Vietnam or Thailand ? Vote for the TOP Country of the Week !

Zaktualizowano: 14 lipca 2025


Ola zasad takich nie miała, a z czyjejże to było winy? Najprzód, naturalnie, ojca, Januarego, lecz następnie i jej przecie, zastępującą Oli odeszłą z tej ziemi matkę.

Na łóżku zamajaczyła mu blada, już nie z tego prawie świata, sędziwa twarz pana Januarego. Drzwi zamknięto jednak w tej chwili Krasnostawski cofnął się dyskretnie i począł przechadzać się wielkiemi krokami po pokoju. Od czasu powrotu z podróży swej do miasta, na nim jednym prawie spoczywało wszystko. Przepędzał noce całe u chorego, doglądał go osobiście, wzywał lekarzy, konsylia.

W promieniach radosnych jesiennego słońca, w ciszy, grającej tylko poważnym szumem drzew ogrodu w chwilowym nieładzie wpół przygasłych świec i poodsuwanych kwiatów, niewzruszony w swym majestacie śmierci umarły pozostał sam. Od pogrzebu Januarego Gowartowskiego minęło dni kilka.

Młodość nie żartuje, gdy kocha... były to ostatnie słowa jego i sprawdziły się, niestety... Przez samego ojca panny, Januarego Gowartowskiego, pogardliwie odrzucony konkurent, inaczej poradził sobie. Marszałkowa w zadumie westchnęła cicho, ciężkie bowiem, zaiste, czekały niebawem przejścia.
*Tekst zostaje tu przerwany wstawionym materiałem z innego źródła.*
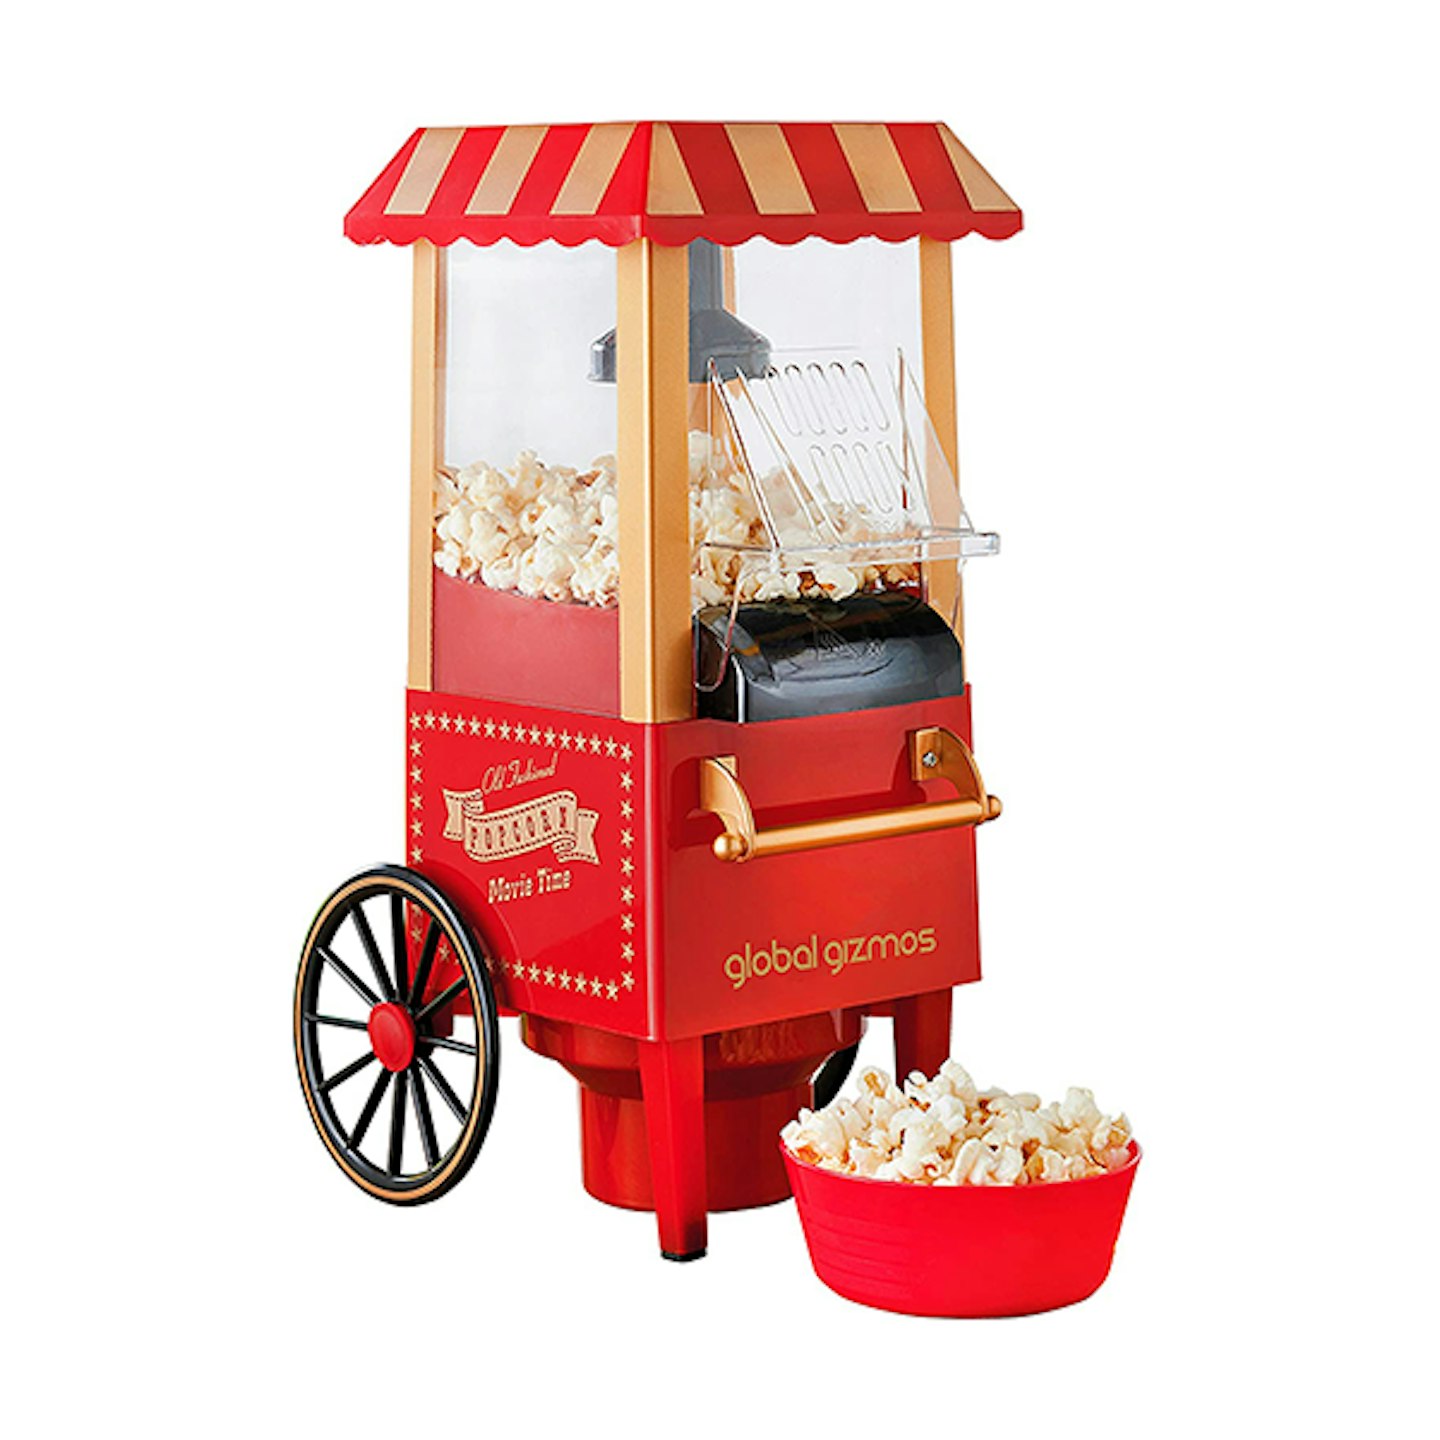 Global Gizmos 50300 Carnival Popcorn Maker

Kilka kaczek po drodze jego zerwało się trwożliwie, myśliwiec jednak nie zadawał sobie trudu strzelać do nich, bo oto znowu, wywołane na pozór drobnostką, pochłonęły bezpodzielnie pana Januarego wspomnienia smutne. Rok temu, podobnie jak dziś, polował on tutaj. Razem z Olą wyjechali o drugiej, nocą, i przybyli nad staw przy księżycu jeszcze.

Krasnostawski od kilku już lat znał córkę pana Januarego; etykietalne utrzymując stosunki z pałacem Gowartowskim na wsi, widywał rzadko, najczęściej z daleka, na spacerze, w kościele, lub przelotnie w powozie kilka razy u marszałkowej w mieście.